Under the Just Energy Transition Partnership (JETP), Indonesia goals to scale back carbon dioxide emissions from the grid electricity sector by 250 million tonnes by 2030, in comparison with projected business-as-usual emissions of over 350 million tonnes. This is the most important initiative within the region to this point.

The official announcement of the investment plan, called the Comprehensive Investment and Policy Plan (CIPP), follows a period of public consultation that began after the draft was published in early November.

Indonesia, considered one of the world’s largest producers of greenhouse gases, plans to extend the share of renewable energy in electricity generation from about 12 percent in 2022 to 44 percent by 2030.

Launching the initiative, Indonesia’s Coordinating Minister for Economic Affairs Erick Thohir said Indonesia must act quickly as 2030 is lower than seven years away. The partnership due to this fact must be expanded and accelerated to work on priority projects, including the immediate implementation of economic commitments.

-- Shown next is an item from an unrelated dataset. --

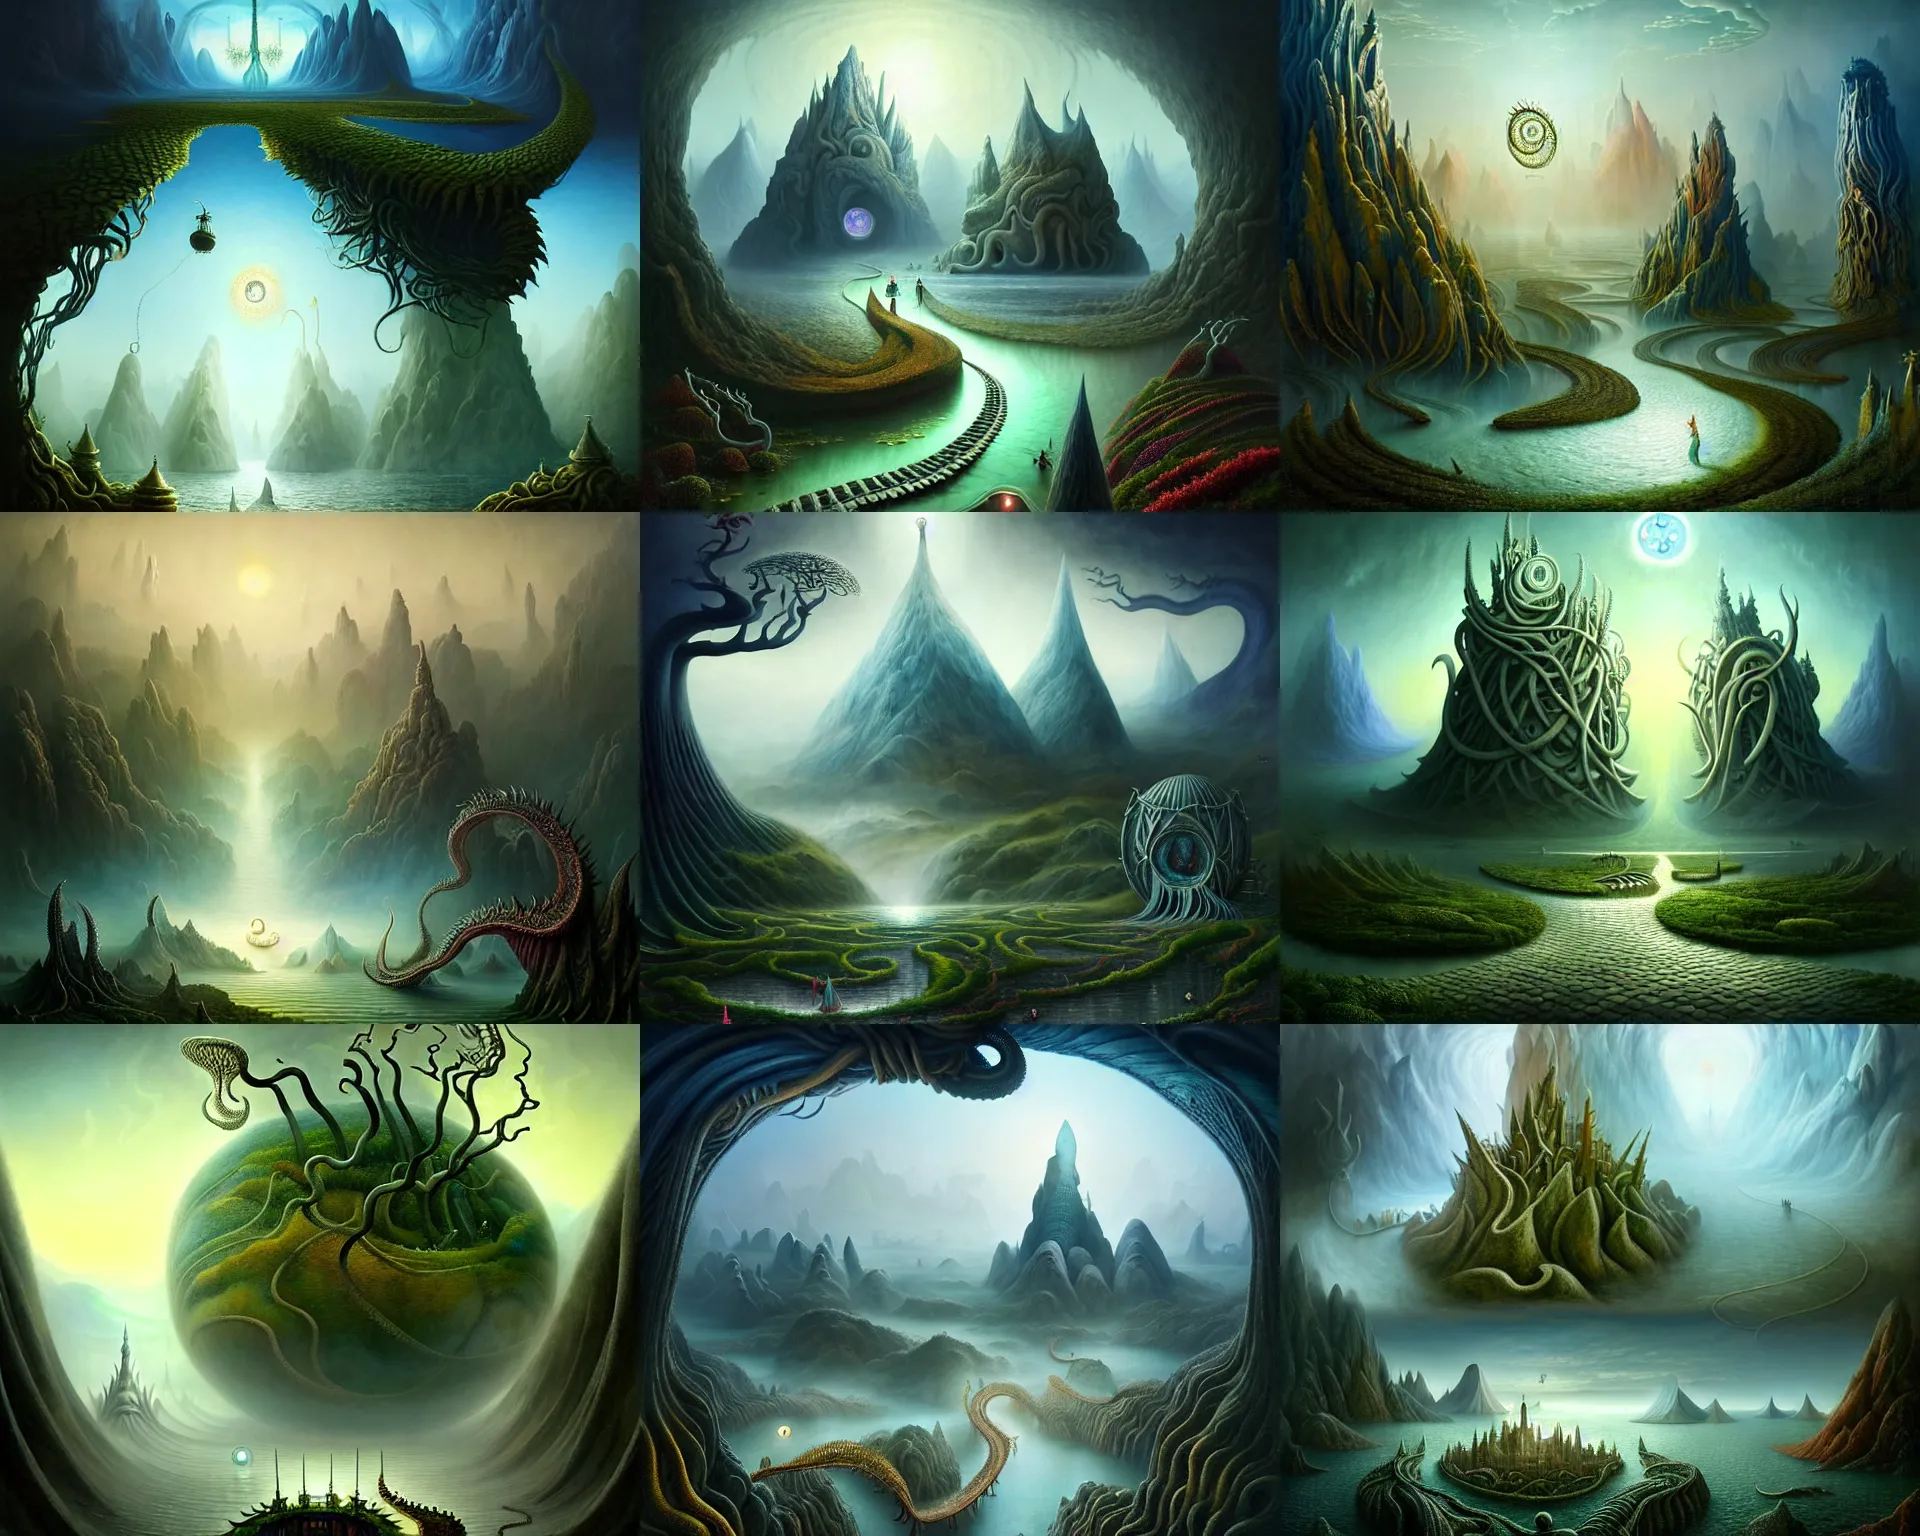 Prompt: a beguiling epic stunning beautiful and insanely detailed matte painting of the impossible winding path through the land of the elder gods with surreal architecture designed by Heironymous Bosch, mega structures inspired by Heironymous Bosch's Garden of Earthly Delights, vast surreal landscape and horizon by Asher Durand and Cyril Rolando and Natalie Shau, masterpiece!!!, grand!, imaginative!!!, whimsical!!, epic scale, intricate details, sense of awe, elite, wonder, insanely complex, masterful composition!!!, sharp focus, fantasy realism, dramatic lighting

The Comprehensive Investment and Policy Plan (CIPP) estimates that an investment of roughly $97.3 billion is required to attain this goal. This includes $66.9 billion to launch 400 projects scheduled to start by 2030.

Michael Kleine, U.S. Charge d’Affaires in Jakarta, expressed hope that JETP financing could function a catalyst for investment within the energy transition and attract more funding.

However, some environmental activists have expressed concern in regards to the high share of economic loans on this basket. Half of the committed funds will come from the private sector, which can include industrial loans at market rates, equity investments or other debt instruments.